The regulator determined, and Dr K accepted, that his behaviour amounted to professional misconduct.

Professional and patient harm

Although practitioners may never have intended harm to a patient and may believe the relationship is consensual, the Medical Board of Australia makes it clear that “there is no place for sex in the doctor-patient relationship …”. The prohibition extends to 'consensual' sexual relationships with patients. Sexual relationships with someone closely related to a patient, such as the parent of a young patient, are also inappropriate.

The Board views any breach of sexual boundaries as an abuse of the doctor-patient relationship, warning that it can cause significant and lasting harm to the patient and interfere with their medical care. In order to seek medical care, a patient must disclose a degree of personal information, which creates a degree of vulnerability. This means the doctor-patient relationship necessarily involves a power imbalance. Some patients may be even more vulnerable due to factors that can increase the power imbalance and potential for harm (for example, their age, a history of violence or abuse, their physical or mental conditions).
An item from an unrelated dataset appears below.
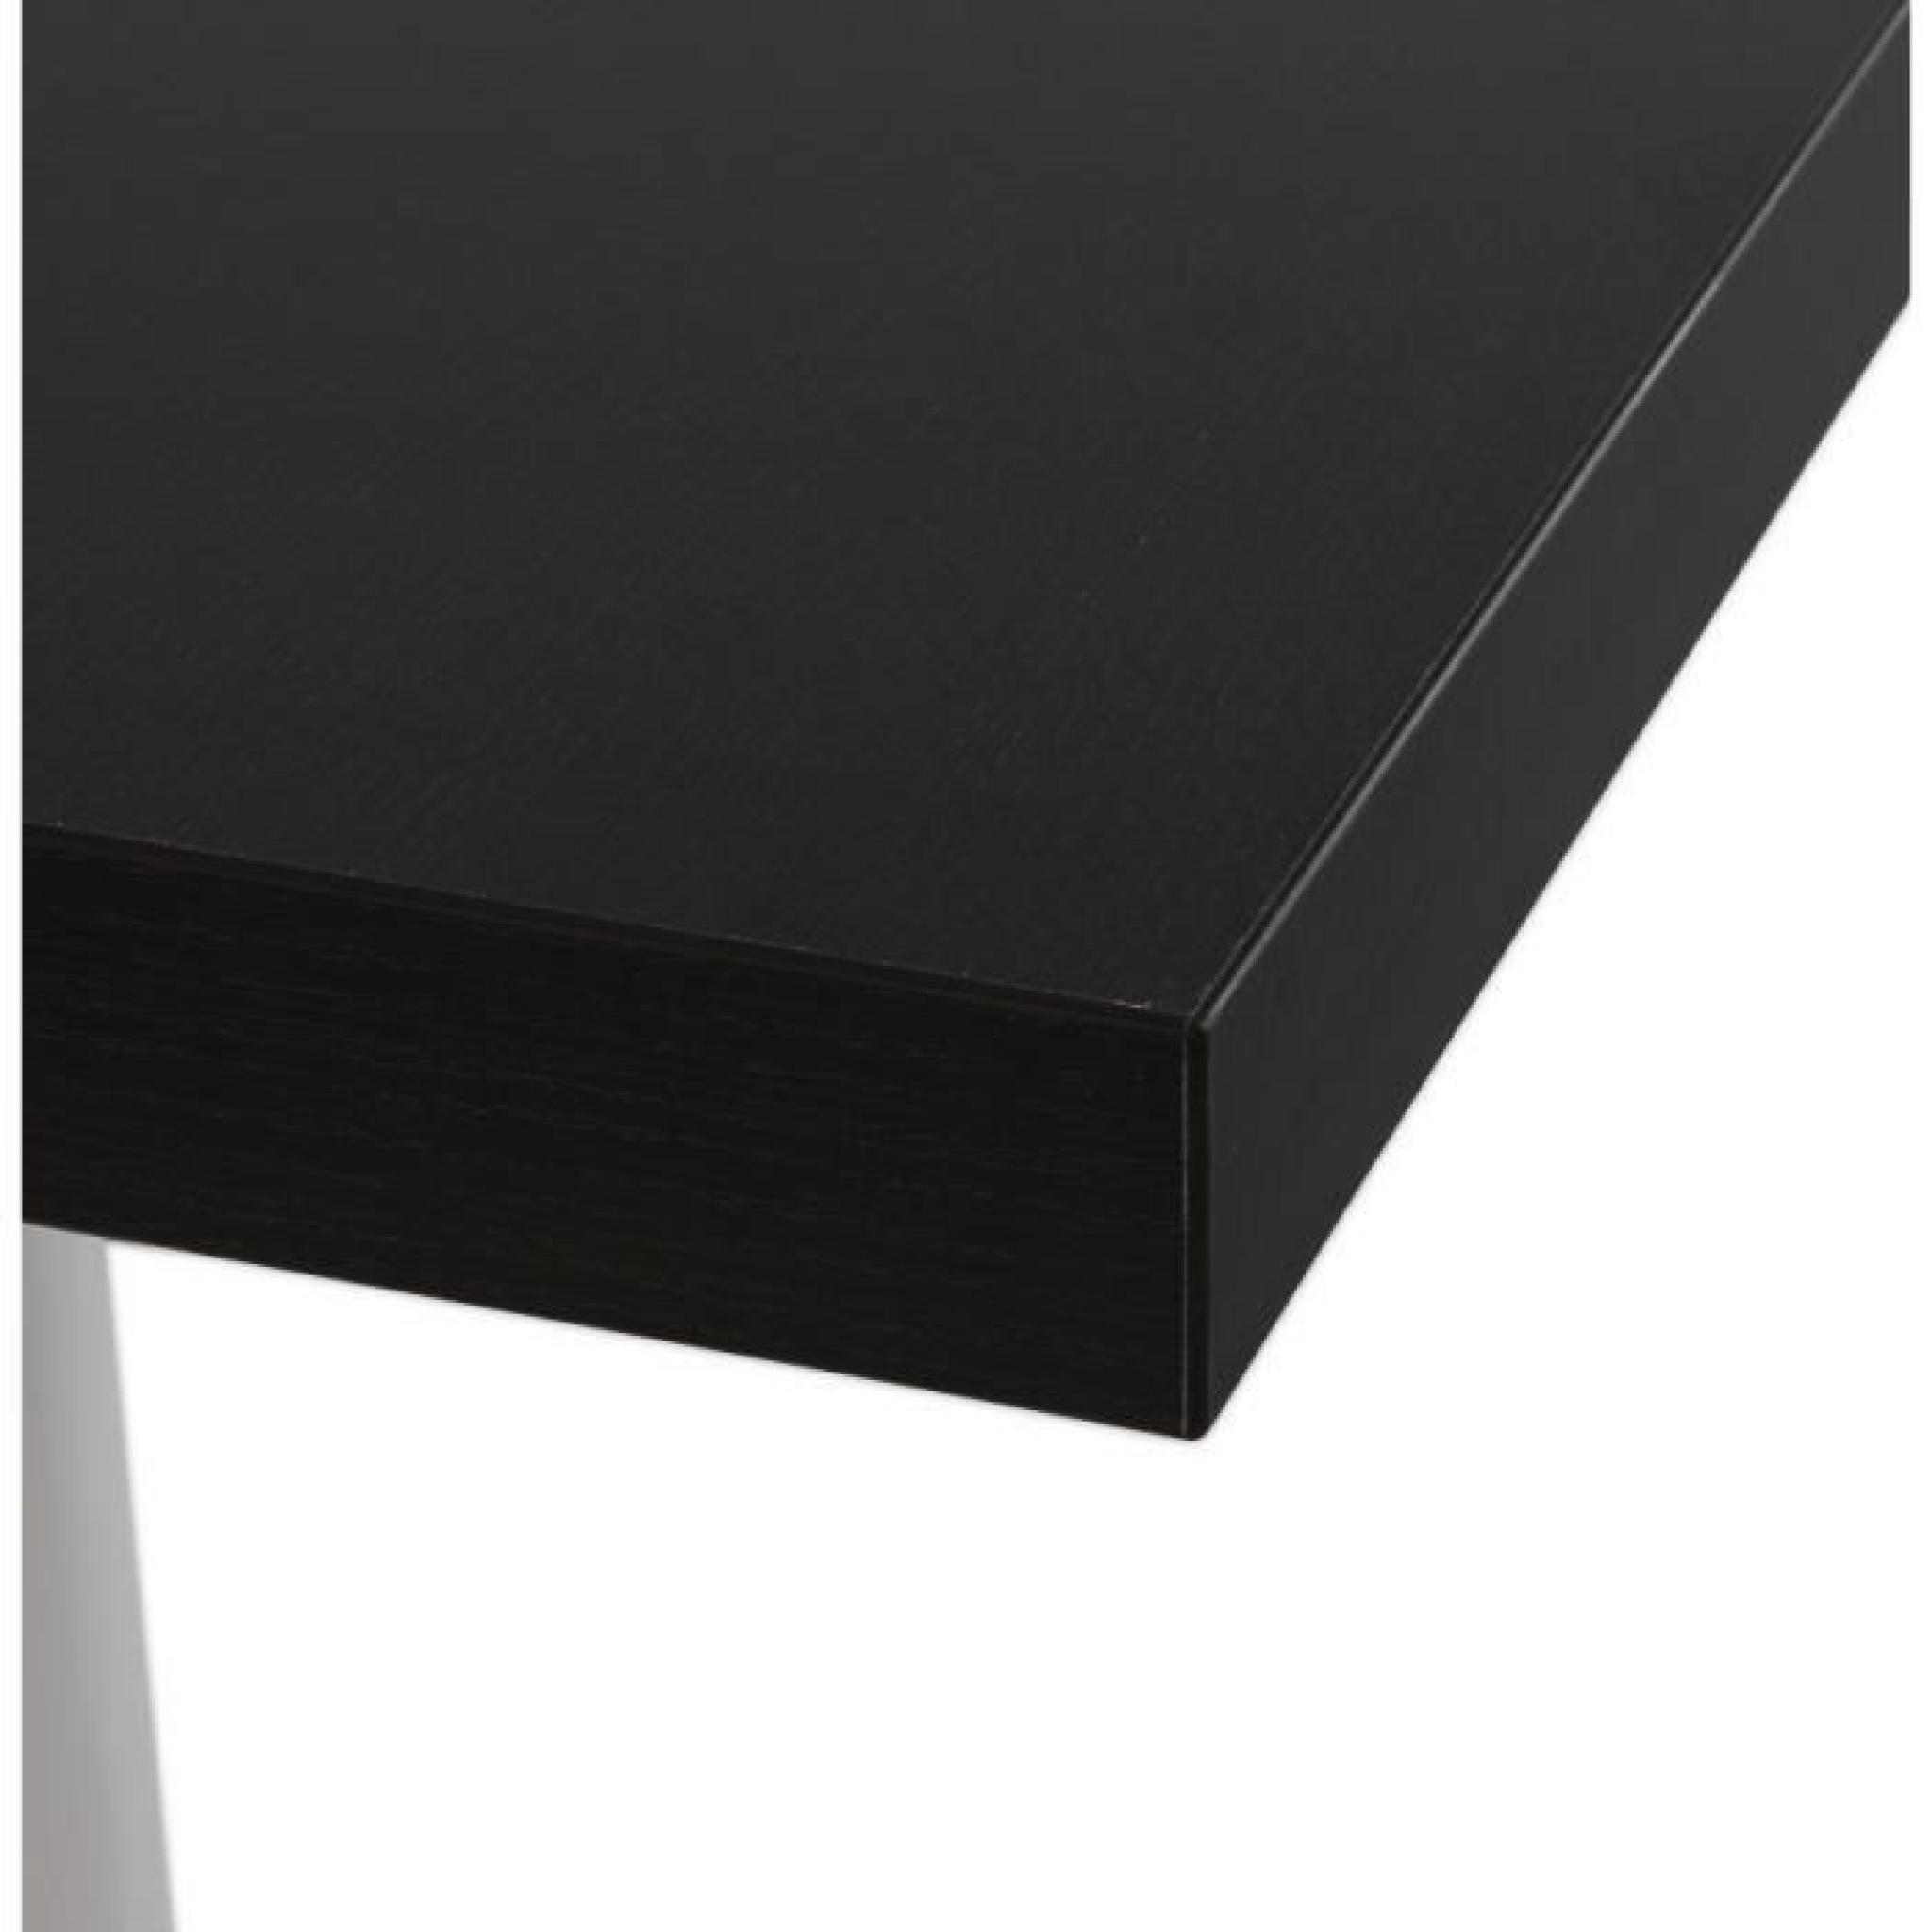 plateau de table en bois ou derives de couleur w achat vente table salle a manger pas cher couleur et design fr

Boundary violations can also have significant personal and professional consequences for practitioners. A study recently published in the Medical Journal of Australia examined allegations of sexual boundary violations notified to Australian Health Practitioner Regulation Agency (Ahpra) and NSW Health Professional Councils Authority from 2011-2016. Allegations involving sexual relationships were less common than allegations of sexual harassment or assault. However, just over one-quarter of all allegations involved a sexual relationship. General practitioners were among the specialties where notifications regarding sexual relationships were higher than for other groups of practitioners. The study also reported that regulatory sanctions were imposed in one-third of cases.
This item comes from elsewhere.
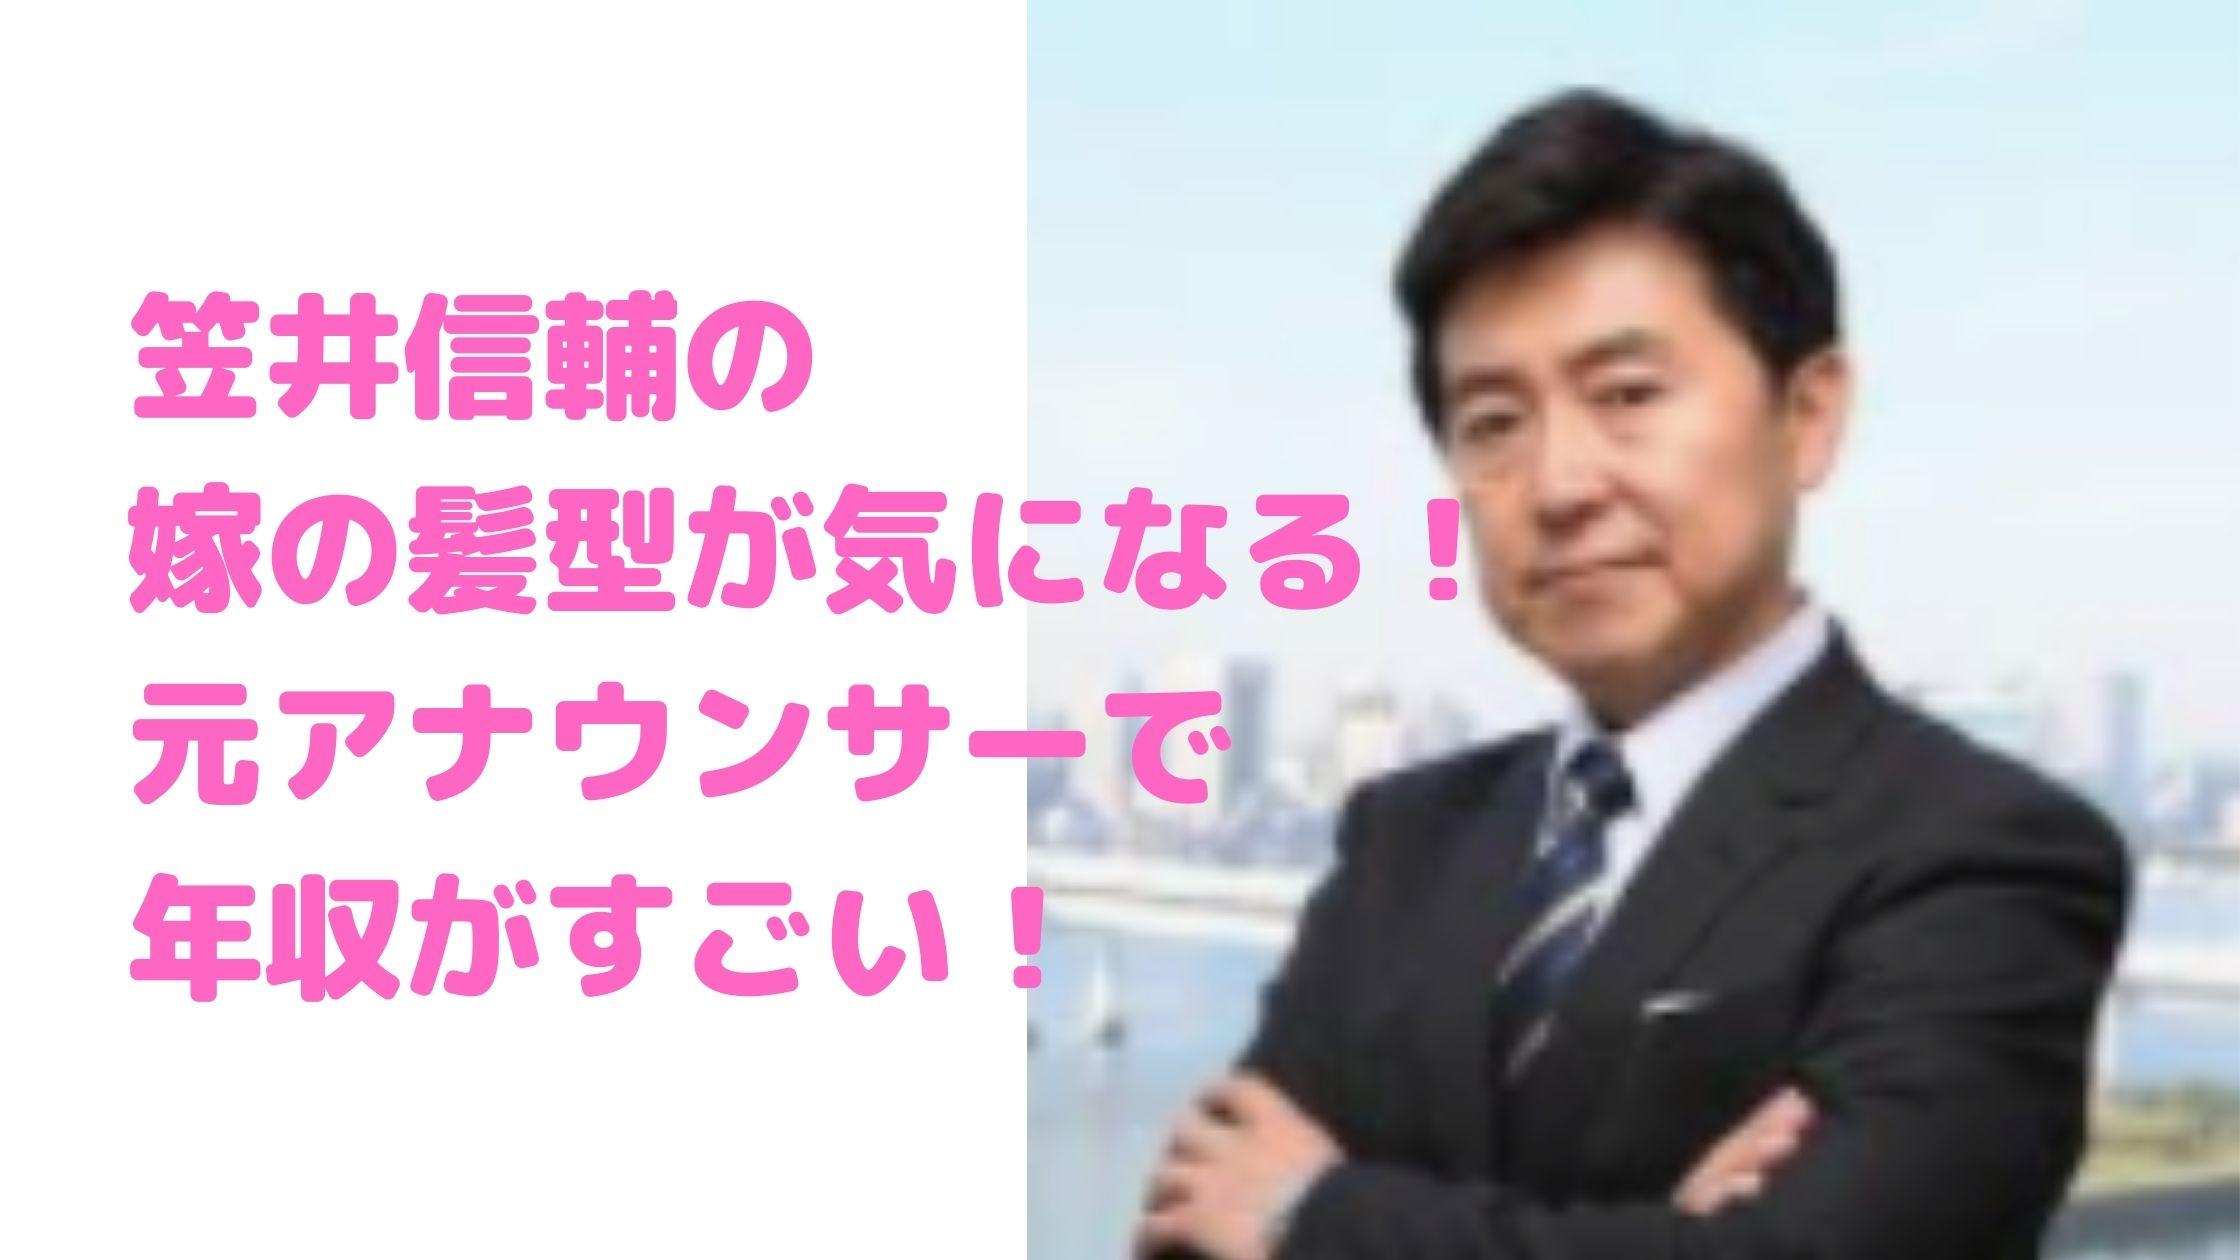 テレビ 笠井 フジ アナウンサー

In Avant’s experience, medical regulatory bodies take allegations of a breach of sexual boundaries very seriously.

The importance of clear boundaries

Boundary violations may result from a gradual blurring of personal and professional roles and do not necessarily arise from a specific event or dramatic change in behaviour. As a practitioner, it is important to establish clear lines you do not cross.

While professional and social lives can become blurred, especially if you practise in a small or rural community, the more separation you can maintain between these roles the better.

This may involve reinforcing your professional role.

You should ensure that all professional contact is through the practice and that patients always make an appointment for medical advice rather than approaching you in public or at social events. Avoid encouraging patients to contact you at home or on your personal phone or email account. Limit the amount of personal information you share with patients. It is advisable to politely decline invitations from patients to connect socially or on social media.

As outlined by the Medical Board, doctors should avoid treating family, friends or staff except in an emergency. Wherever possible, refer them to a colleague or another practice for their ongoing care.

Be aware of your own wellbeing

Experiencing other personal or professional issues, being unwell or under stress may make you more vulnerable to errors of professional judgement in relation to boundary violations. For this reason, it is important to pay attention to your own wellbeing and be aware of potentially problematic situations.

Professional isolation can also be a risk. There may be warning signs early on when a therapeutic relationship begins to be compromised. Having supportive colleagues to refer to, particularly someone you trust to let you know if they see changes in your behaviour, can help avoid the situation deteriorating.